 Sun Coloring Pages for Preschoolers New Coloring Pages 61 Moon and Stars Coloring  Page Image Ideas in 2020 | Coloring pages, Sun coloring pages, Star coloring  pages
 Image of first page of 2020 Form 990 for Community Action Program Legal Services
□ □ □ □
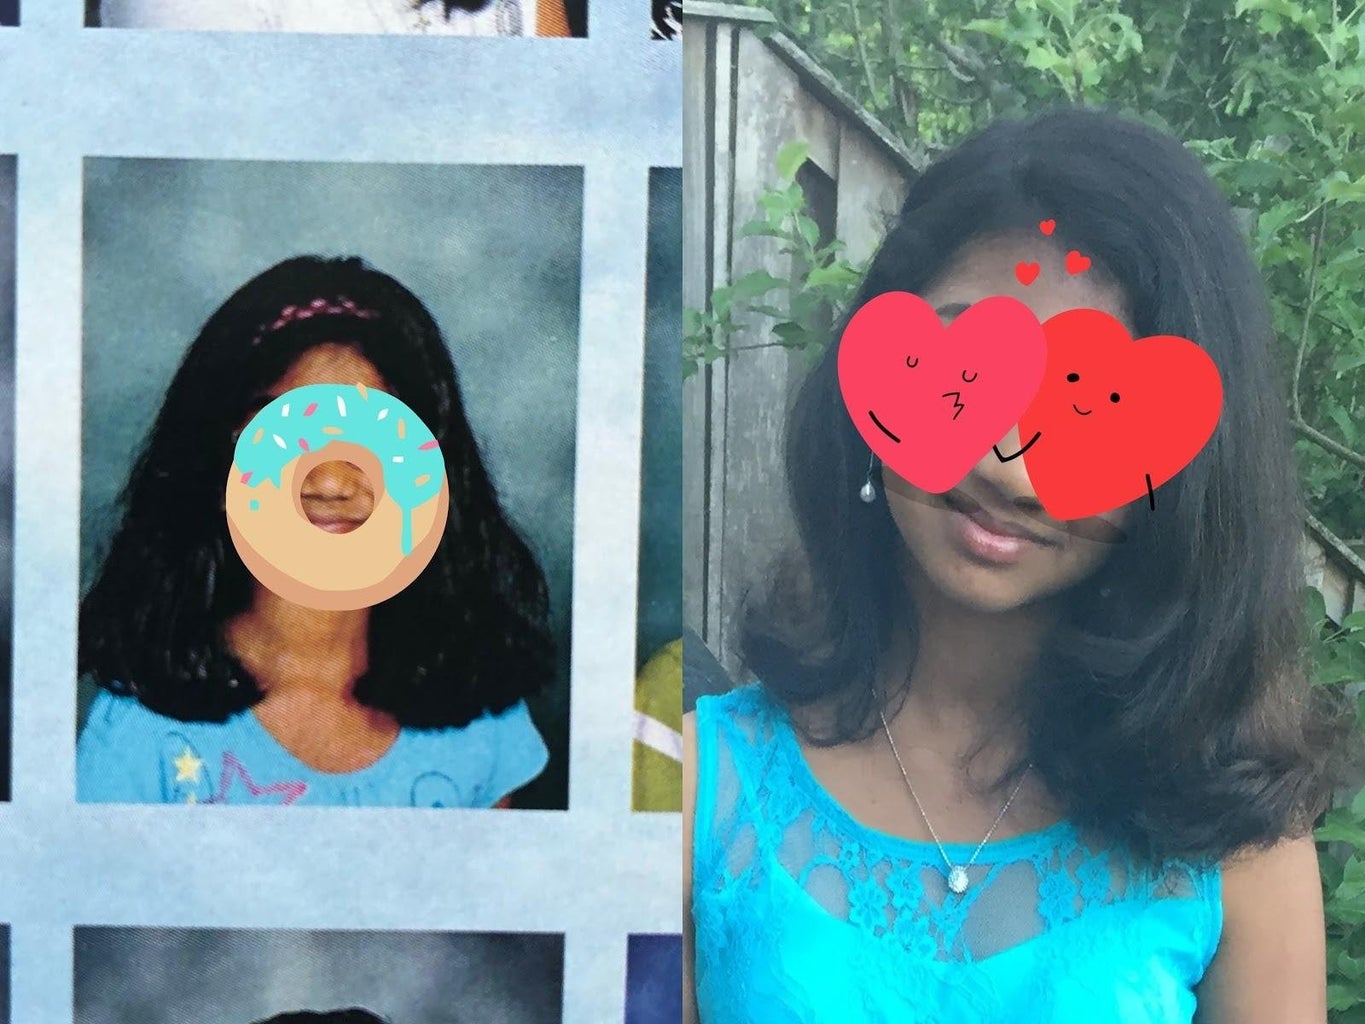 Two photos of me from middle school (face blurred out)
□ □ □ □
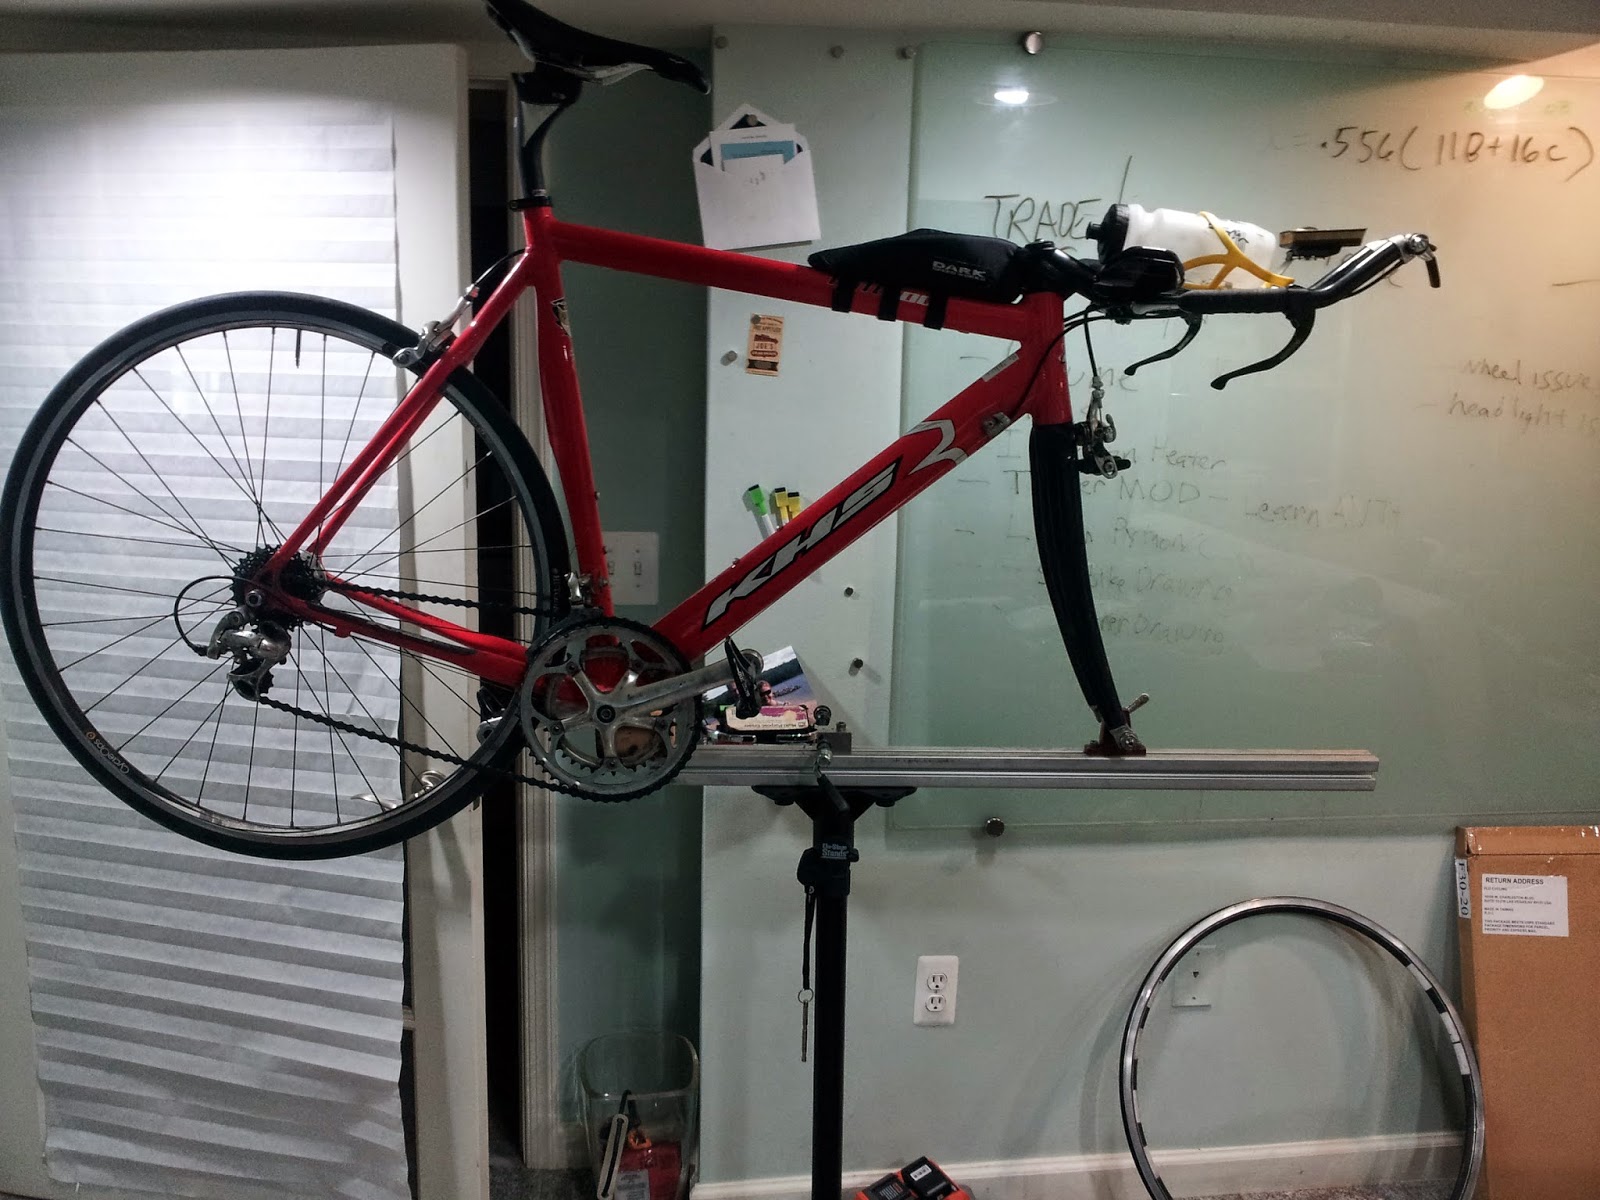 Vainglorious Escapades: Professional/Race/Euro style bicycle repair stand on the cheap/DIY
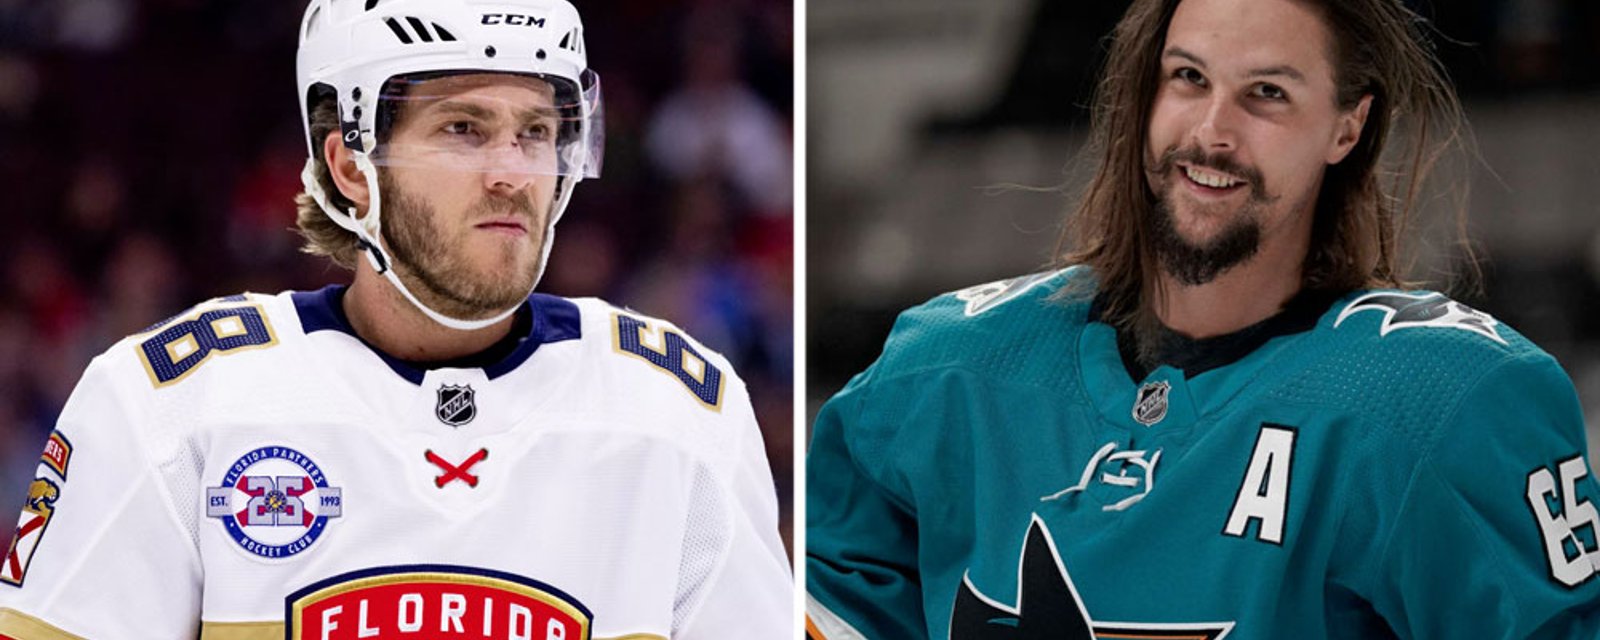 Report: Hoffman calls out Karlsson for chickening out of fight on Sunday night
□ □ □ □
### Work to be completed
What you write must match the listing exactly, from the line with "Vainglorious Escapades: Professional/Race/Euro" up to and including the line with "Report: Hoffman calls". Pictures stay out.

### Task response
 Vainglorious Escapades: Professional/Race/Euro style bicycle repair stand on the cheap/DIY
 Report: Hoffman calls out Karlsson for chickening out of fight on Sunday night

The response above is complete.